O Lula, a política e a politicalha.

 

O Lula, a política e a politicalha.

(Por Cristóvam Luiz)*

Pavilhão São Cristóvão – Rio de Janeiro –Julho, 1978

Era o ano de 1978 - Apesar de estarmos vivendo num tênue período da chamada ditadura militar, comandada pelo Presidente Geisel, a tensão de cerca de seis mil trabalhadores inscritos no Congresso Nacional de Trabalhadores Industriários era amenizada pela doce esperança de se avançar na conquista de melhorias para a classe trabalhadora do Brasil. O pavilhão de São Cristóvão, na cidade do Rio de Janeiro, estava rodeado por pelotões de cavalaria e policiais fortemente armados, mas o organizador-mor do evento, Ari Campista, Presidente da CNTI, parecia confiante na realização de um Congresso pacífico, pois o mesmo contava com participantes de todo o país.

Nesse ano, Luis Inácio, o Lula, estava nos holofotes da imprensa nacional devido à liderança das greves na região do ABC, em São Paulo. Particularmente eu via naquele barbudo uma semelhança com o Che Guevara, que admirava e me embalava os sonhos de universitário. Porém algo estranho em seus olhos me dizia para que eu não confiasse tanto naquela estranha liderança.
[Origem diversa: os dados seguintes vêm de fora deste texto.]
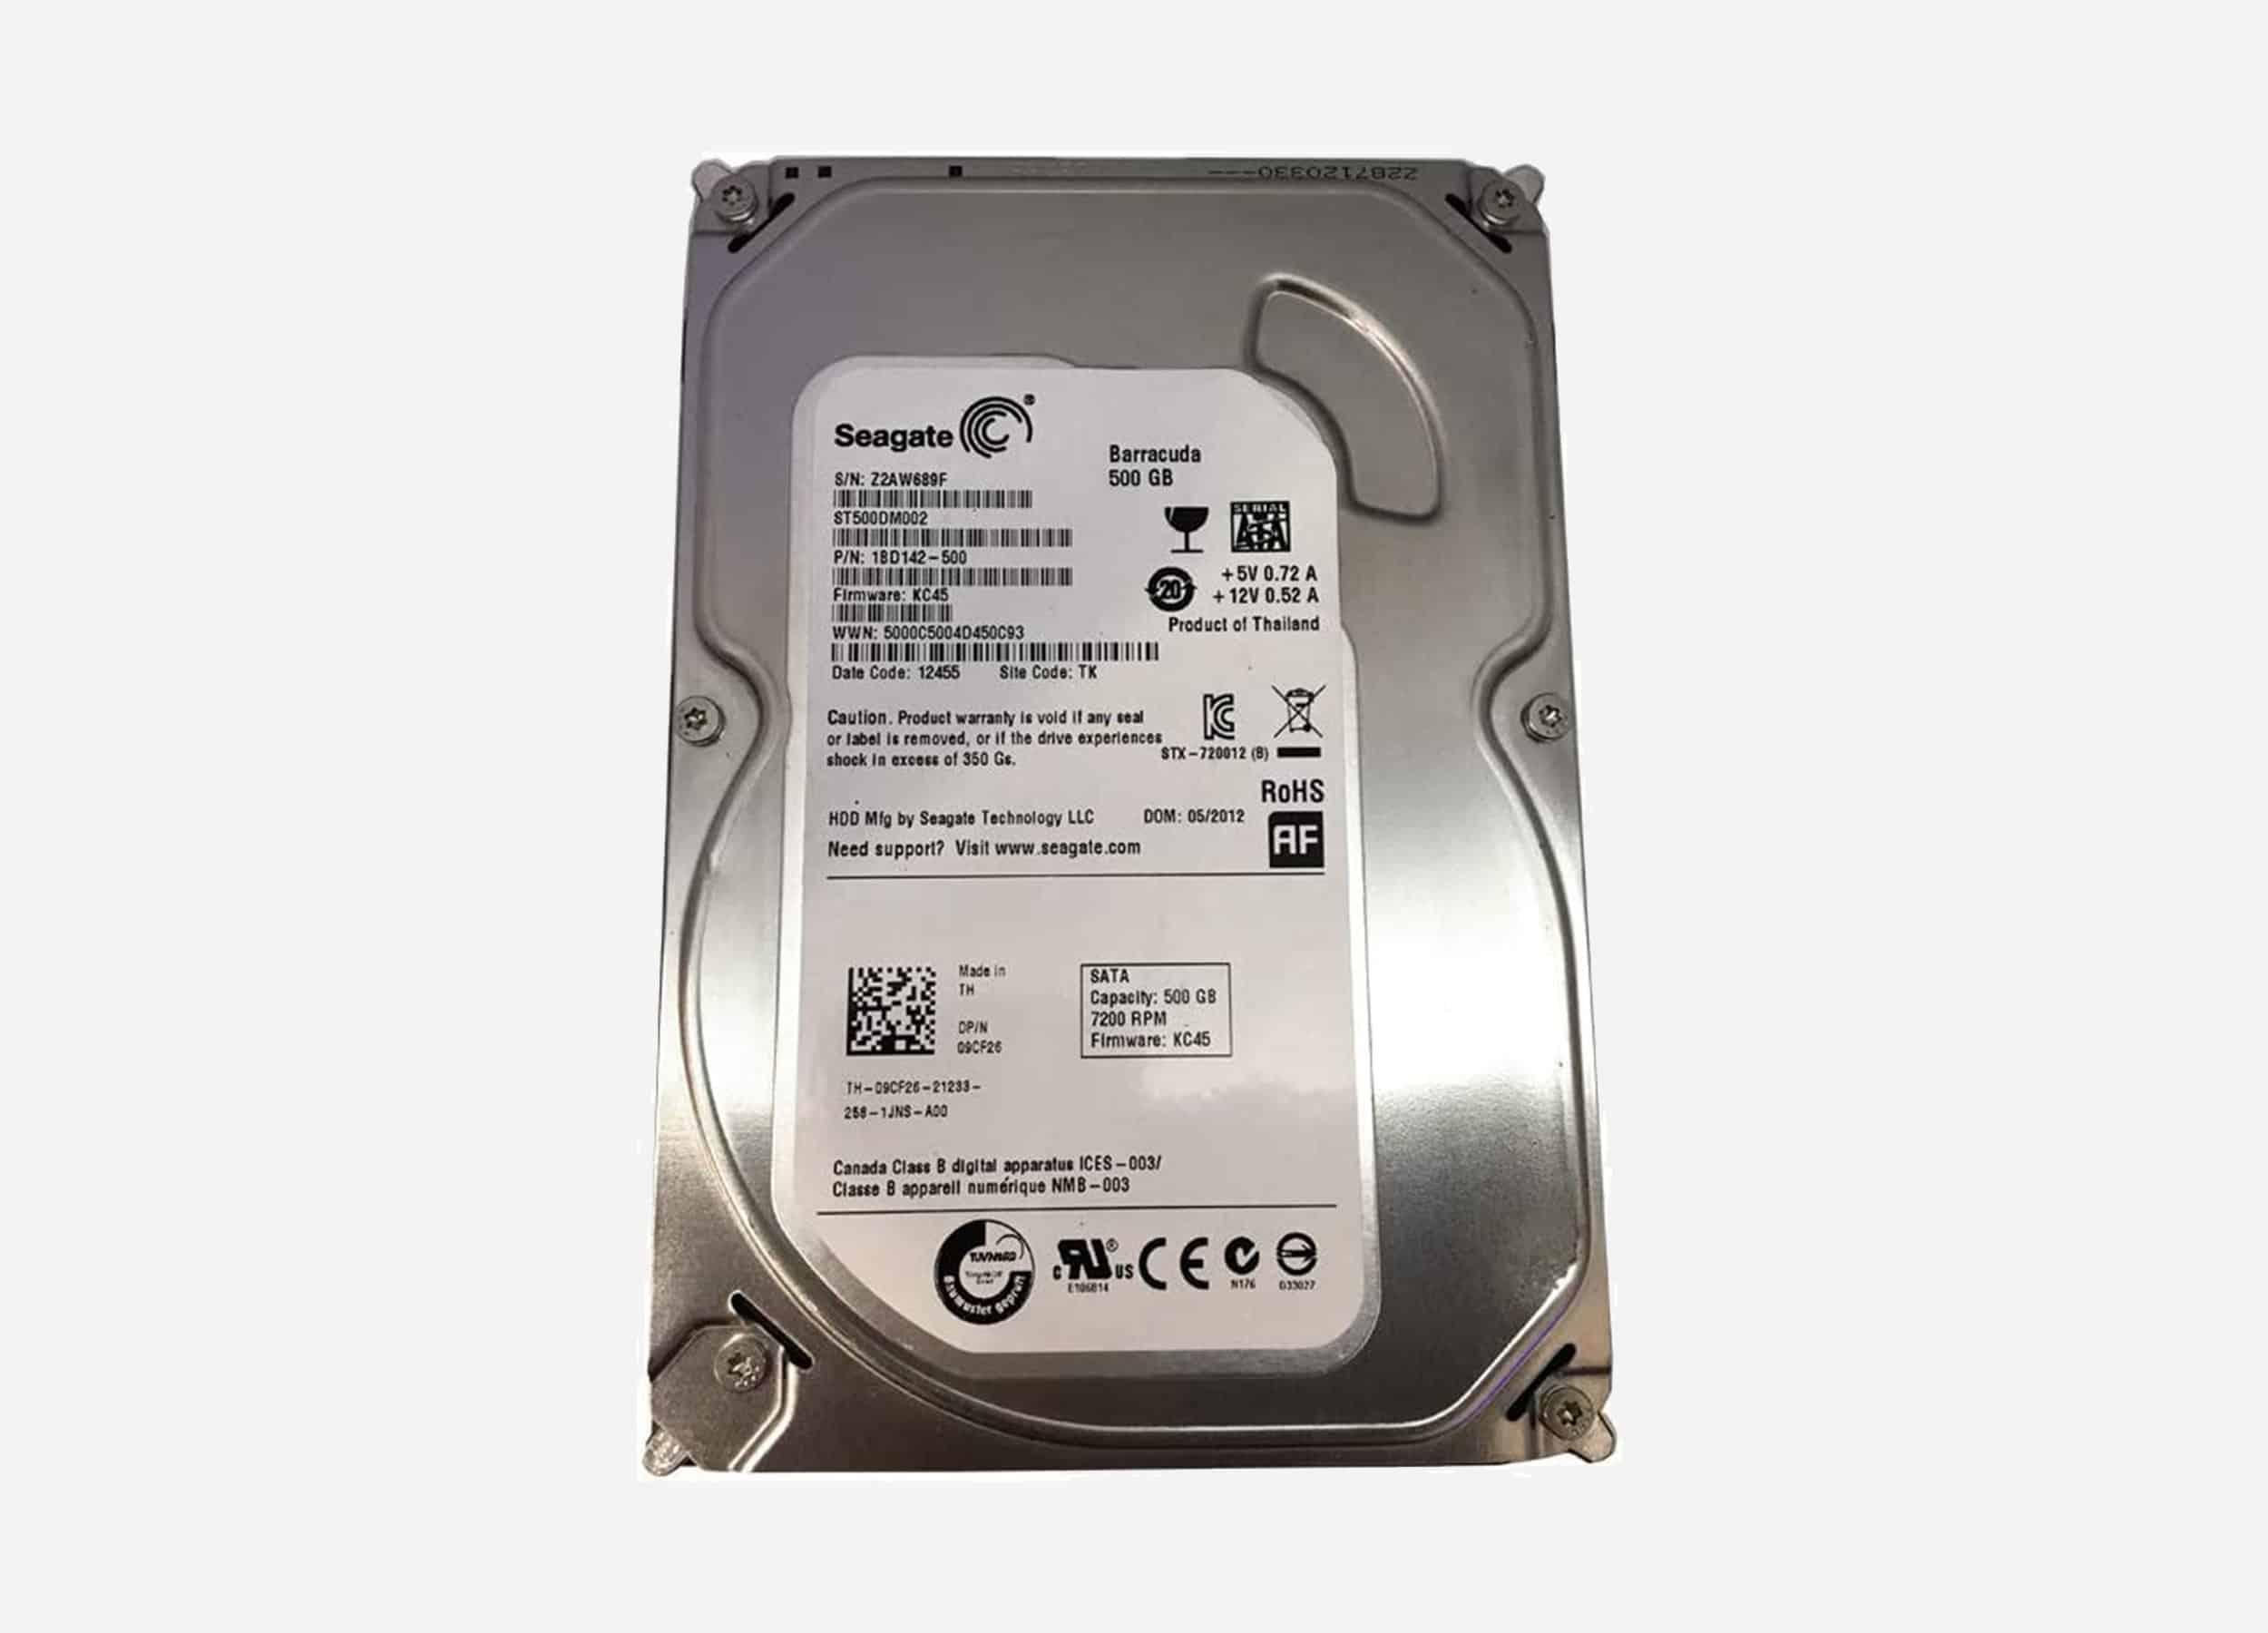 HDD Seagate BarraCuda 500 GB Pc 3.5

No primeiro dia do Congresso, as reuniões nas diversas comissões, com líderes sindicais de todas as regiões brasileiras parecia fluir para um consenso pelo avanço na apresentação de teses e encaminhamentos importantes para as conquistas trabalhistas. Lembro-me de que fui escolhido para ser o relator da Lei de Greve, assunto que mexia com os brios da classe sindical e da massa trabalhadora naquele momento tão importante para a transição da história. Todas as Comissões foram regimentalmente eleitas, com representações sindicais de Norte a Sul e de Leste a Oeste.

No dia seguinte, porém, tivemos a surpresa de encontrar logo cedinho, antes do reinício das atividades, um movimento de rebeldia liderado por sindicalistas de São Paulo, que queriam mudar todo o processo de condução do Congresso, rasgando regimentos e chegando ao cúmulo do sindicalista conhecido como Alemão ficar aos berros dizendo que havia representantes do Nordeste pregando reivindicações para que as “empresas fornecessem bicicletas para o transporte dos trabalhadores” e aquilo era um absurdo. Em sua opinião, os representantes do Estado de São Paulo deveriam estar em todas as comissões, pelo motivo de ser maioria presente no evento. Em outras palavras, se deveria privilegiar os representantes paulistas, abandonando as orientações regimentais do Congresso no sentido de se respeitar as outras representações nacionais. Essa idéia se fortaleceu com o apoio aos berros de Lula, até o ponto em que recomeçaram as discussões acaloradas do público presente.

Inscrito para falar, manifestei-me: “Um dos intelectuais e políticos mais respeitados desse país, nos dizia que existe política e existe politicalha. A política, nos admoestava Rui Barbosa, é a arte de gerir um Estado através de leis escritas, princípios definidos e tradições respeitáveis. E a politicalha é a indústria de produzir benefícios de interesses próprios. Eu porém vos digo, aqui nesse momento temos sindicalistas e sindicateiros; os sindicalistas aqui vieram para defender os interesses da família brasileira e os sindicateiros apenas querem usufrutos pessoais”. Isso foi o bastante para agitar os ferozes e despertar os moderados e, é claro, levei vais daqueles e apupos destes. Ainda guardo com boas recordações alguns recortes dos jornais O Globo, da Folha da Tarde e da Tribuna Operária do dia seguinte.

Depois disso, Lula e outros líderes sindicais passaram a aceitar a participação dos seus pares de outros rincões do país, a Lei de Greve, o fortalecimento de leis trabalhistas, a abertura das discussões das eleições diretas, o voto e a eleição das mulheres e a melhoria da CLT foram discutidos democraticamente e indicados numa Carta Nacional dos trabalhadores industriários.

A política, lembrada por Rui, ainda nos anima, mas a politicalha dos tempos atuais pós Lula nos decepcionou muito desde aquele episódio do maior Congresso de Trabalhadores organizados pela CNTI. Isso, porém, não nos faz cruzar os braços para aceitar com passividade a validação de interesses dos nossos algozes.

*Cristóvam Luiz é professor, escritor e produtor cultural.